The Irish Pensions Authority has published a statement on the duties of trustees of group pension schemes with less than 100 members regarding annual reports and accounts when transferring to a master trust or personal retirement savings account (PRSA).
It noted that trustees of group schemes with less than 100 active and deferred members who have made a formal commitment to wind up the scheme and transfer its assets to the scheme of a master trust or PRSA would not be expected to prepare a full annual report and audited account in certain circumstances.
If a formal commitment to wind up the scheme is made before 1 January 2023 and the scheme is wound up no later than 31 December 2023, trustees will not need to complete a full report and accounts.

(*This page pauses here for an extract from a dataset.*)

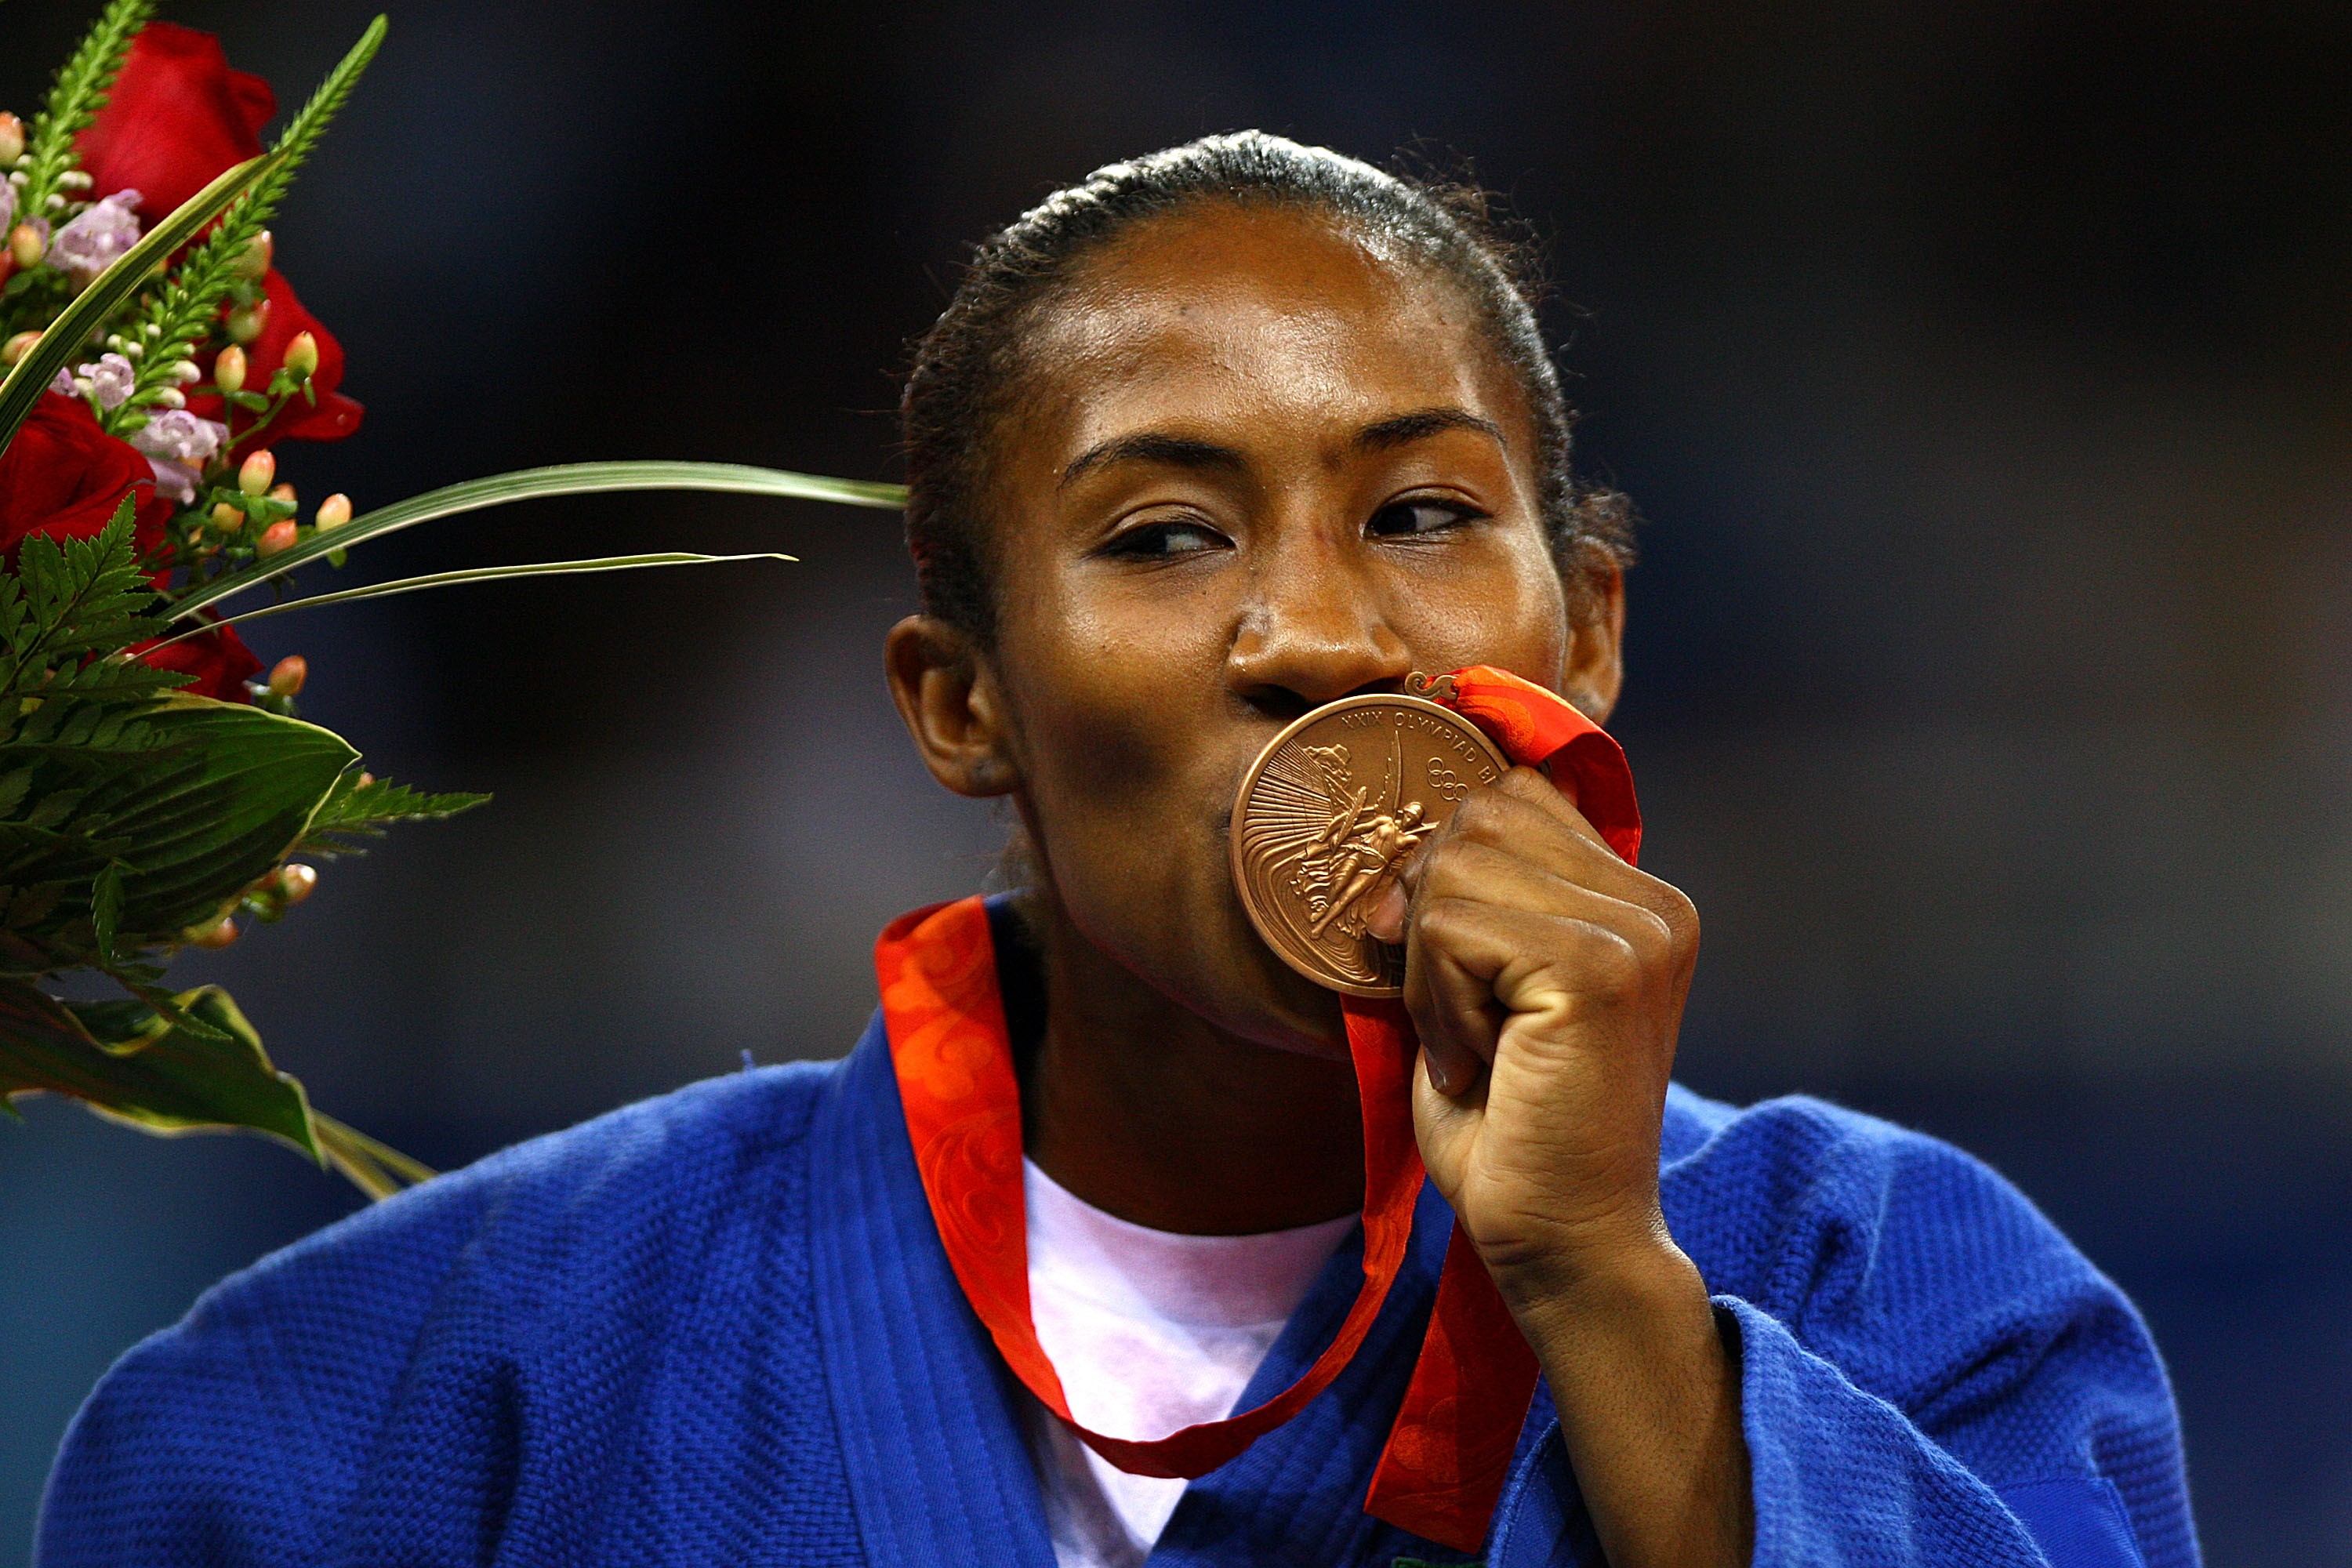 Ketleyn Quadros com sua medalha de bronze nos Jogos de Pequim, em 2008 (Foto: Getty Images)

Furthermore, if a final alternative annual report is prepared or the authority is notified in accordance with Article 16 of the Occupational Pension Schemes (Disclosure of Information) Regulations, 2006, and a report containing the information specified in Schedule G of those regulations is produced in accordance with Article 16(3)(b), trustees do not need to complete a full report and accounts.
The authority noted: “A formal commitment to wind-up a scheme would include a written instruction from the employer to the trustees to wind-up the scheme or a notification from the trustees to the members notifying them of their intention to wind-up the scheme.”
Last month, the Irish Pensions Authority also published information in relation to exit charges, trustee annual reports and audited accounts for one-member arrangement to master trust transfers.